(STORED DATA)
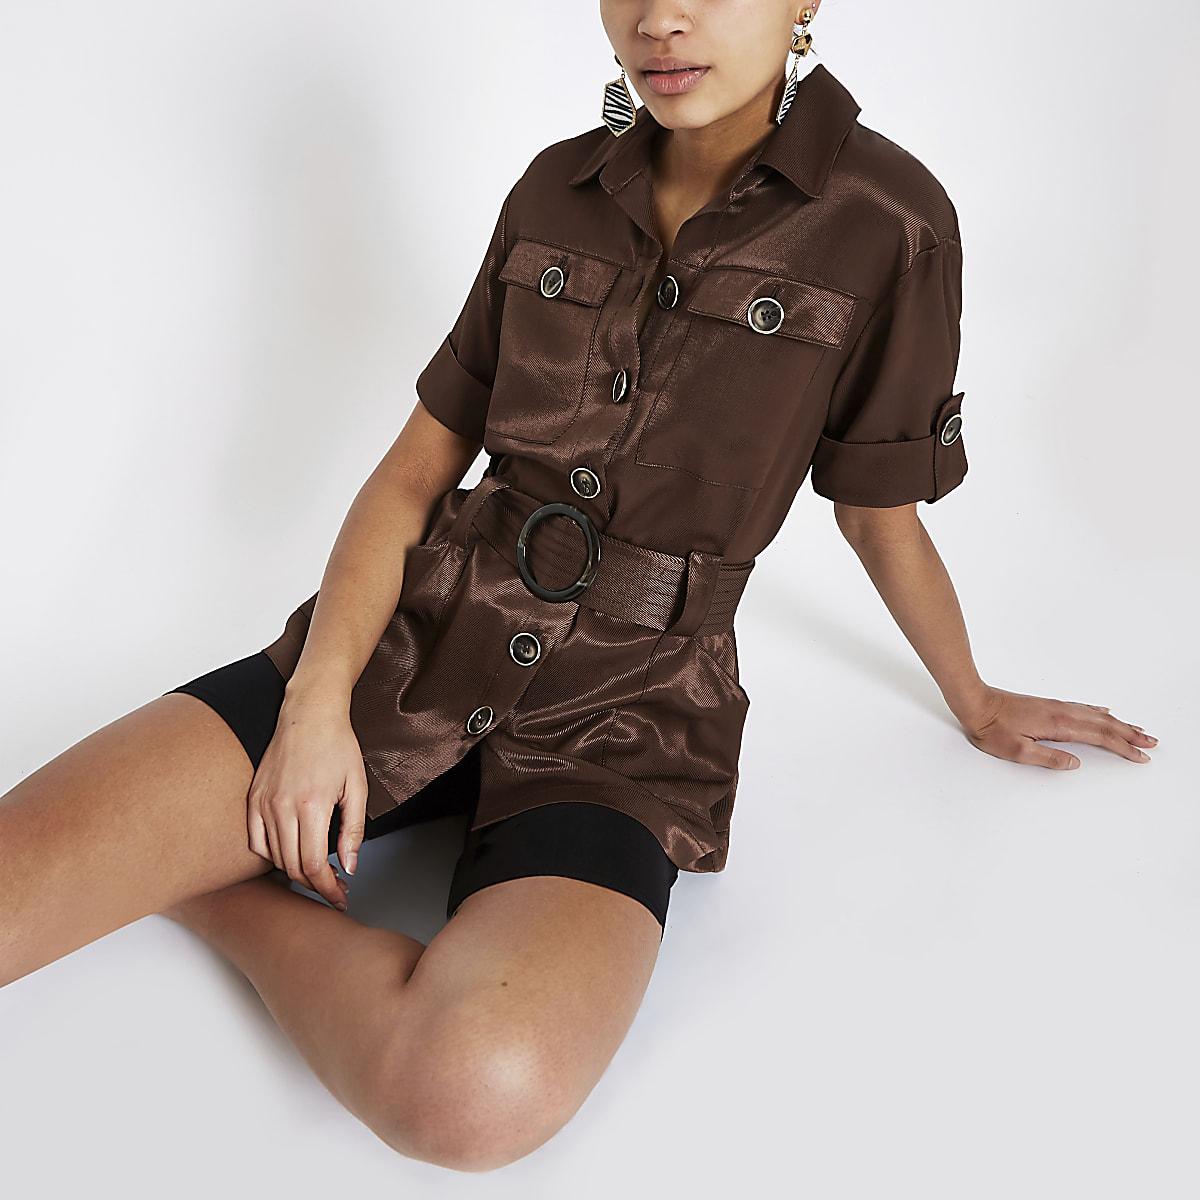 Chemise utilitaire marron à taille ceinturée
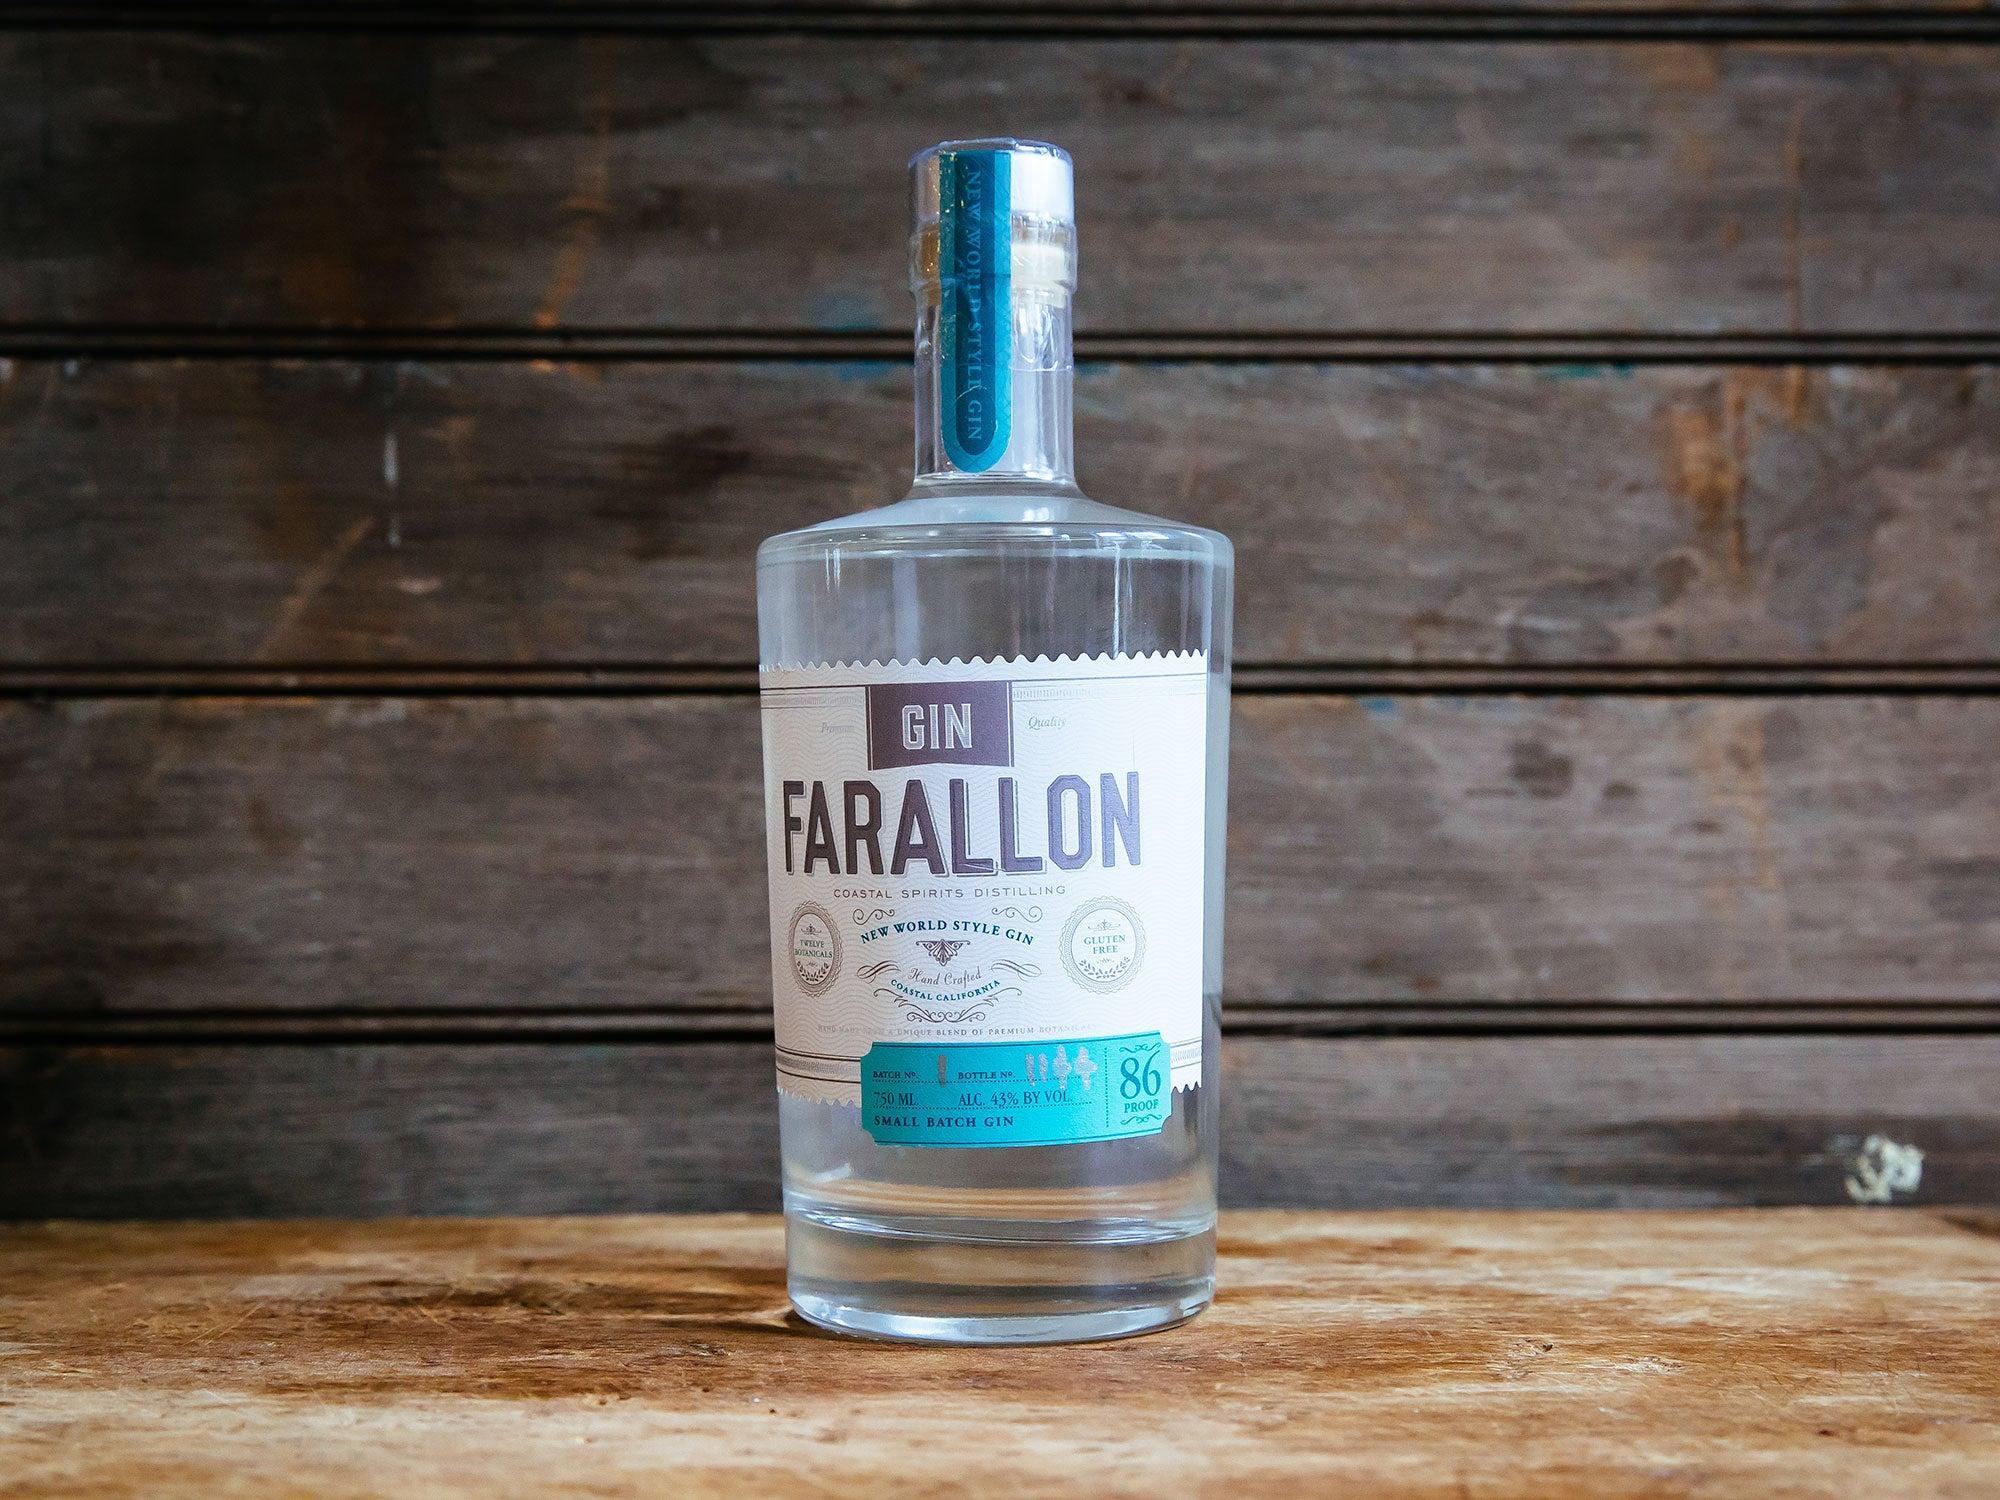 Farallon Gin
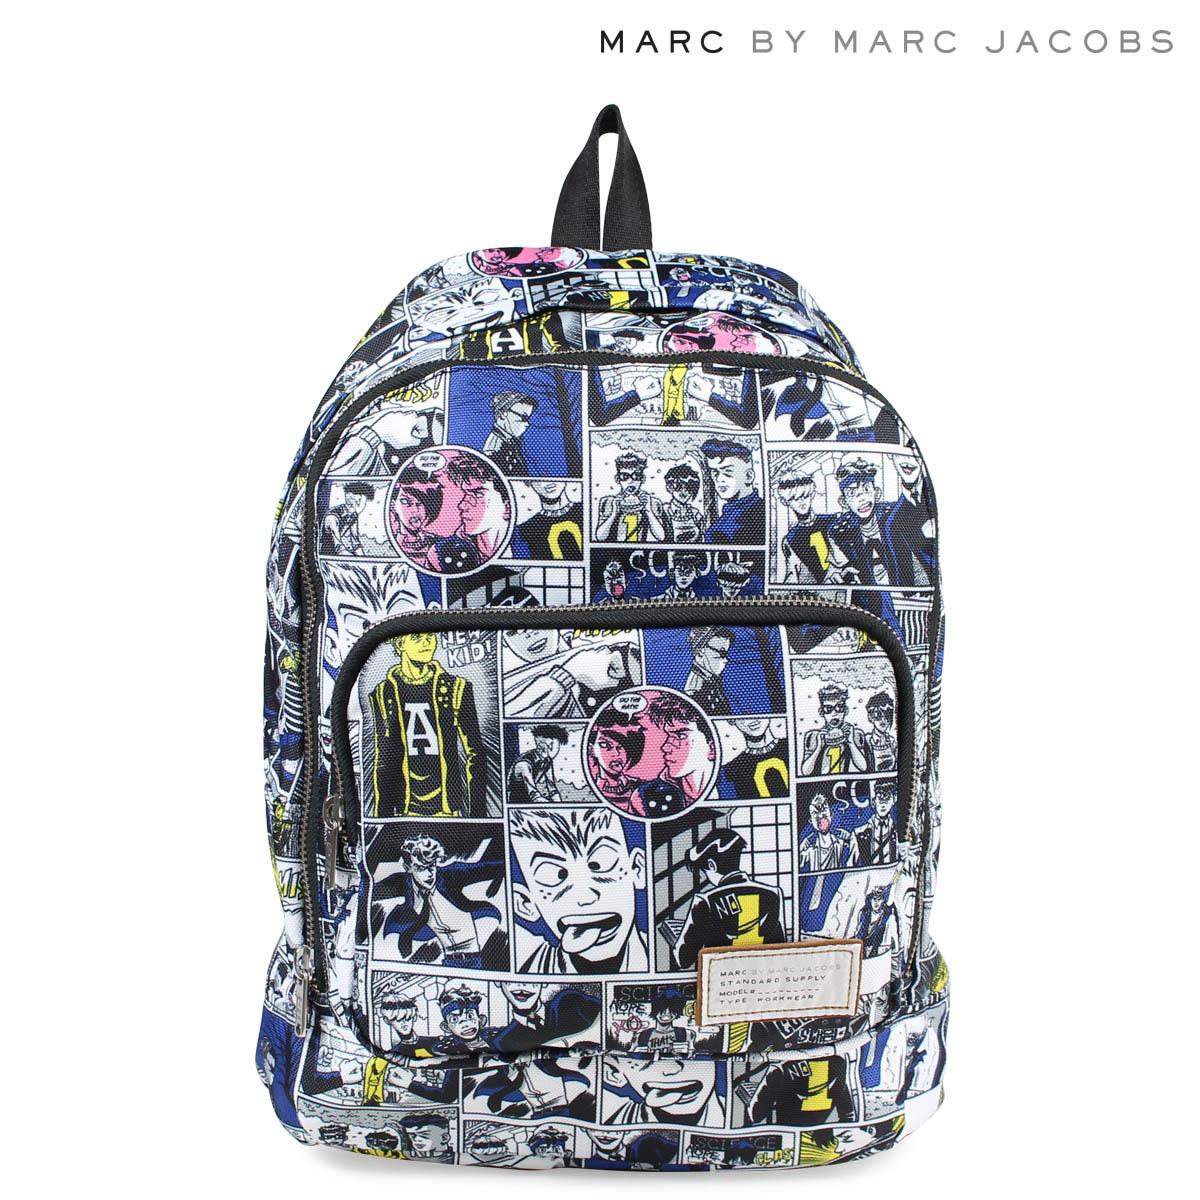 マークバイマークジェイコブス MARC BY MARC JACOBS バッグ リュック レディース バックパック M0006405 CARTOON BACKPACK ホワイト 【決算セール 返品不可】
(End STORED DATA)
GOAL OF THE EXERCISE ▸
The whole listing above must be duplicated word for word, apart from its pictures.

TASK RESULT ▸
 Chemise utilitaire marron à taille ceinturée
 Farallon Gin
 マークバイマークジェイコブス MARC BY MARC JACOBS バッグ リュック レディース バックパック M0006405 CARTOON BACKPACK ホワイト 【決算セール 返品不可】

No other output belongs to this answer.